The caravan park is basic, with 29 powered sites (22 are drive-through) and an amenities block. Each site has a campfire pit or barbecue, and firewood can be purchased from reception. Collecting wood from the bush is not allowed.
Swags Tent Village consists of permanent, off-the-ground tents with bunks, cooler boxes and electric lights. Most tents have an adjoining undercover kitchenette with a gas barbecue, fridge, picnic tables and chairs. Linen is available at an extra cost.
We spent a night in the restored railway carriages. These turn-of-the-century carriages were saved from a fiery fate in the late 1980s ,relocated to Undara and refurbished as multi-cabin accommodation. Our cabin had a basic ensuite, no fridge or air-conditioning with just enough room for a double bed and an original red leather railway seat; the cabins aren’t luxury accommodation, but they do have charm. Other original features include the overhead luggage rack and a fold-out washbasin.
Most carriages share a curved roof with a communal deck, where you can enjoy the sights and sounds and nocturnal visitors from the surrounding bush as you sip on a cold drink.
DINING AND FACILITIES
Undara Central is a huge sheltered area with a bar/bistro and restaurant, which carries on the railway theme. The Saloon Bar and a part of the restaurant are in the old railway carriages. A pool table and other activities are also here. The resort hosts campfires with bush poetry and good old-fashioned sing-a-longs.
A bush breakfast is served at the Ringers Camp, a short stroll from Undara Central. Take care, though, as kookaburras and butcher birds regularly launch raids from the surrounding branches on unattended breakfast plates.
The Undara Experience meets most basic needs of the traveller. ULP and diesel are available but are costly, so fill up at Mount Surprise or Mount Garnet if you can.
There is a pool and laundry and a shop at reception, which sells some groceries, drinks, snacks, souvenirs, ice, firewood and gas refills .I suggest stocking the van before heading for Undara.
Mobile phone coverage is limited, but there are two phones located behind reception.
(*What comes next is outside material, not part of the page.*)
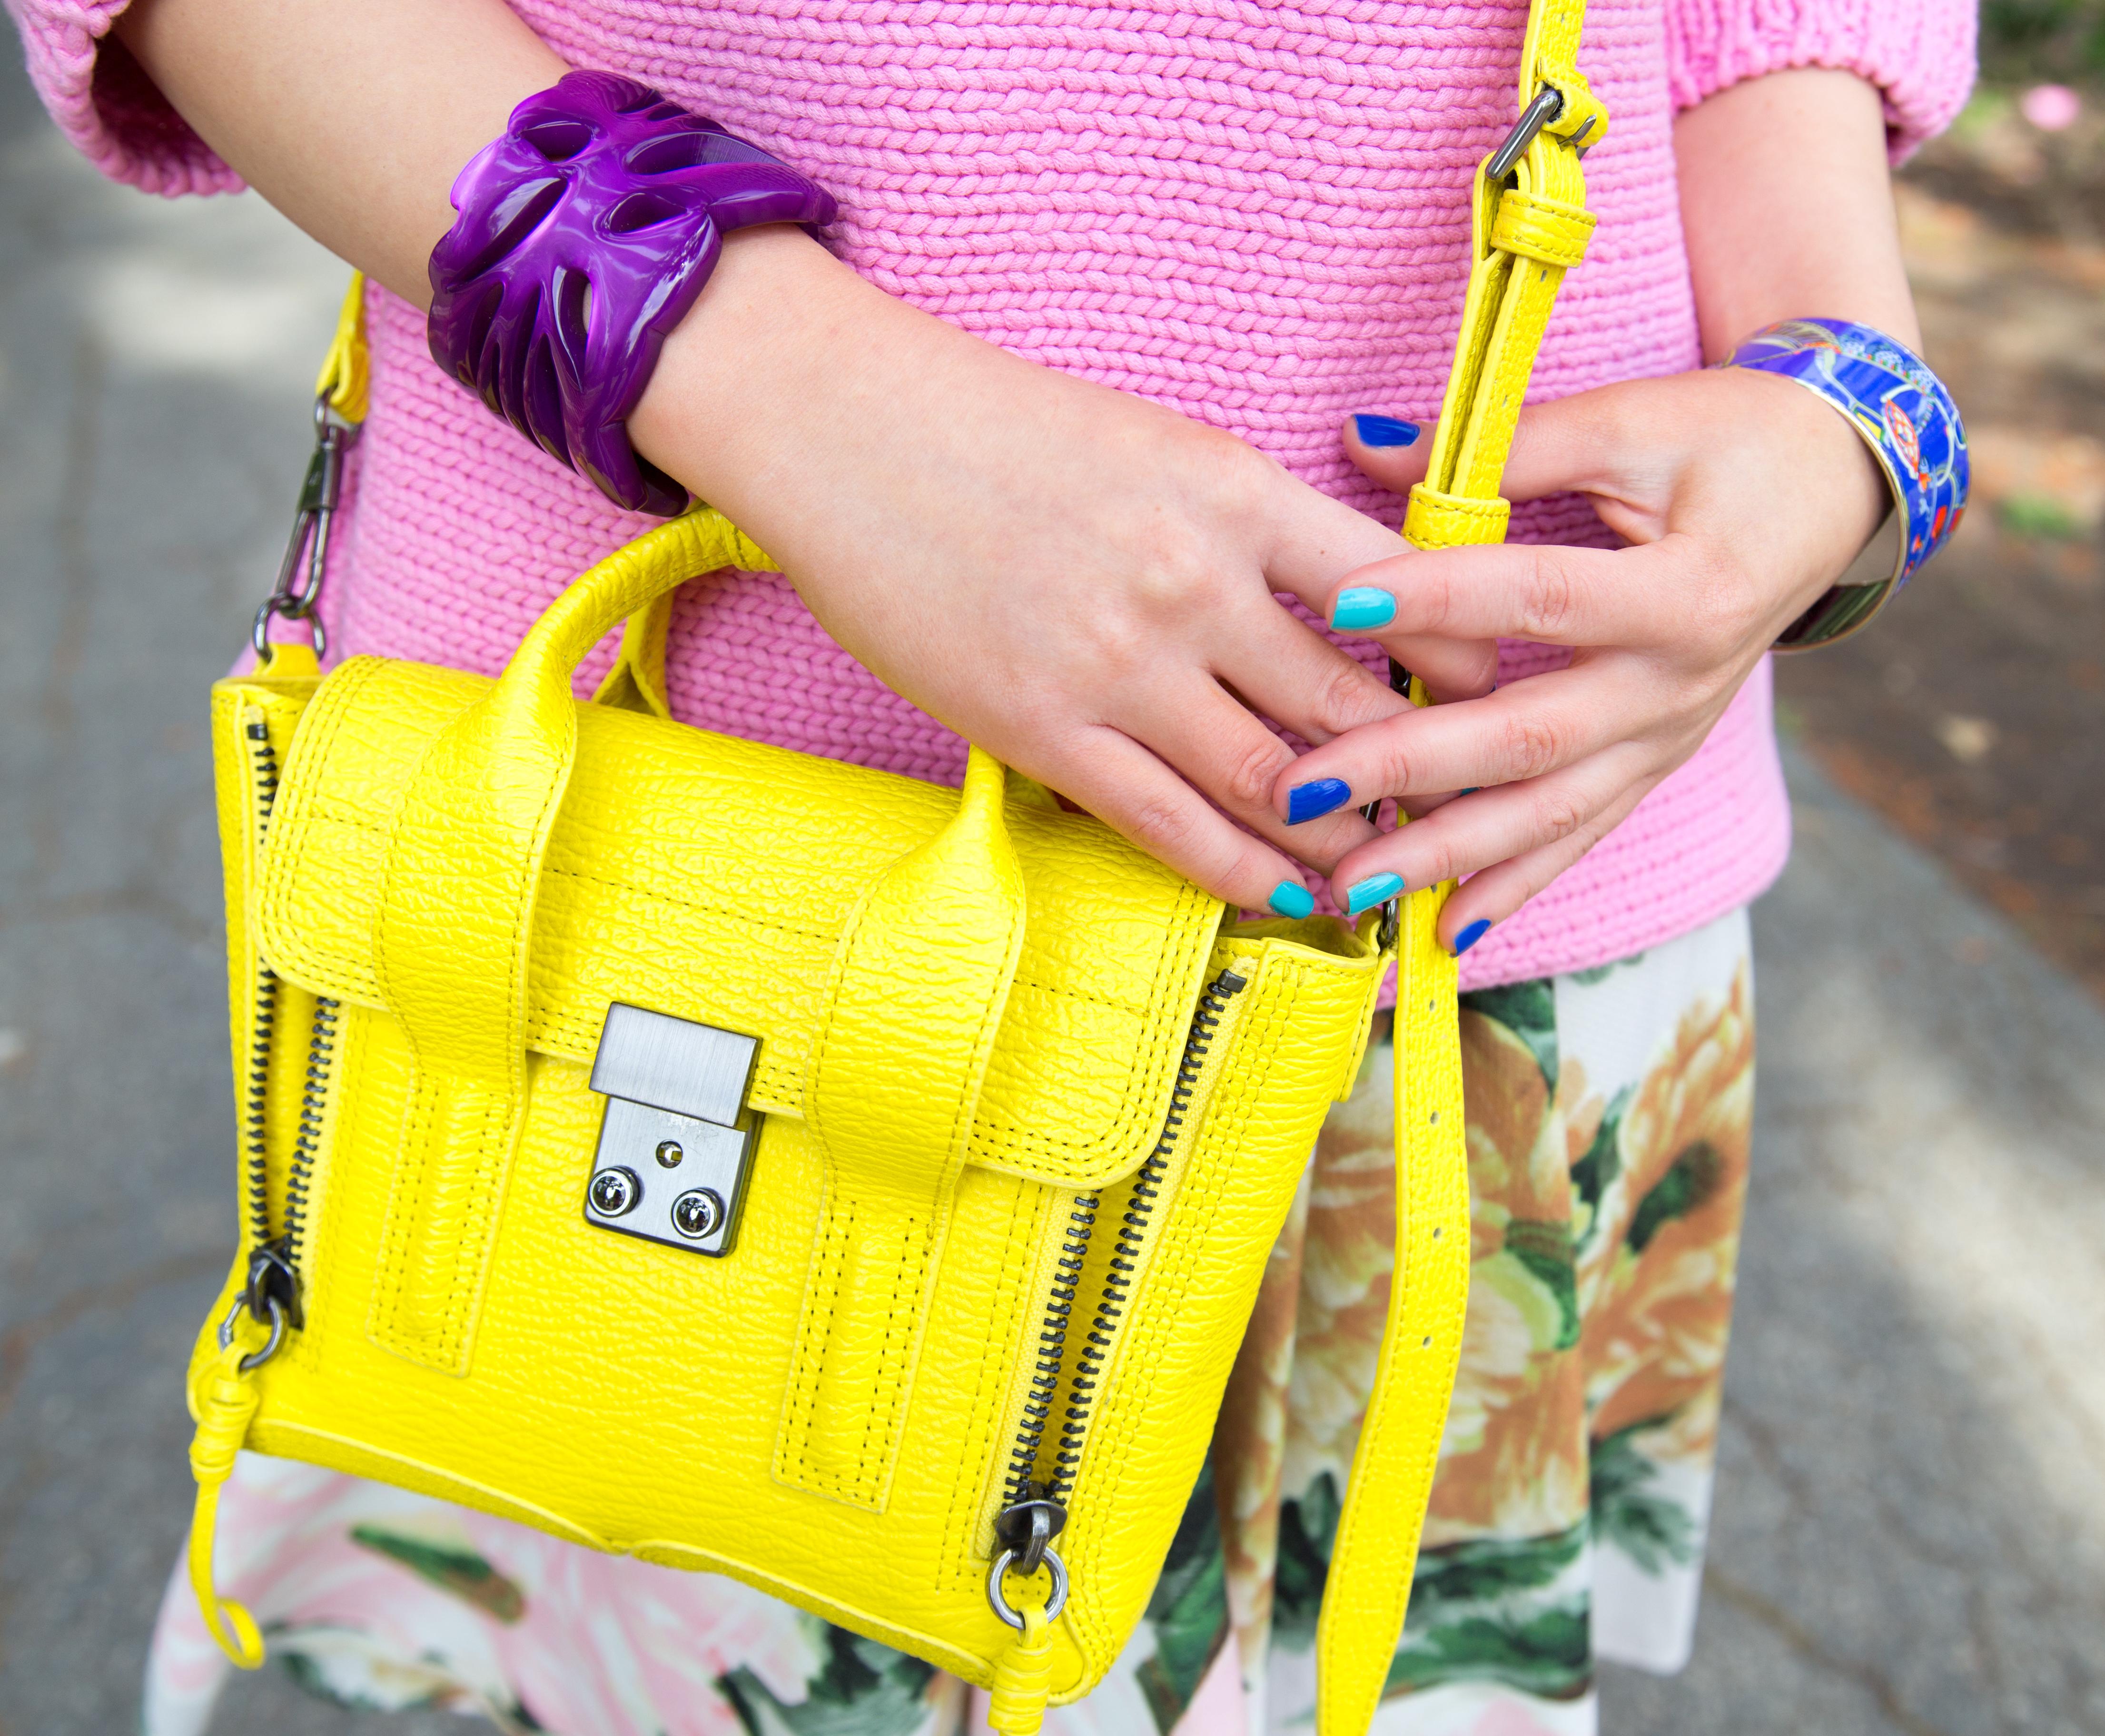 blue nails,yellow bag,neon bag,nail art,yellow and purple,pashli mini

Phone cards are required and these can be purchased at reception or the Saloon Bar.
Water at the resort is drawn from a natural aquifer and passes through a filtration unit, purifier and settling tanks, but it is not treated with chlorine or fluoride. I had no problems with it but if you are concerned, fill your van tank or purchase water bottles before heading for Undara. Bottled water can be purchased at reception and the bar.
The Undara Volcanic National Park is well worth exploring by foot. There are seven bushwalks to choose from, varying from the Bluff Walk at just 1.5km, 25 minutes return, to the moderate Rosella Plains Lookout Track, which covers 12km and takes six hours. A map and information sheet on the walks are available at reception and different coloured markers identify the different tracks. You’ll need comfortable walking shoes, water and a hat and it’s essential that you sign out at reception before leaving and sign in on your return.
We did the Bluff Walk, but I hear that the Kalkani Crater Rim Walk, which goes to the top and around the rim of a volcanic crater, is spectacular.
HEEDING THE CALL
I plan to return to Undara, perhaps in the early winter when the temperature is more comfortable and the landscape not as dry. Next time,I’ll extend my stay, take a longer tour and a couple of bush walks and simply enjoy the relaxing atmosphere of the bush.
Around 20,000 people visit Undara each year, so expect it to be busy during the peak season. The caravan park at Undara is small, so book ahead if you want a powered site in the busy season.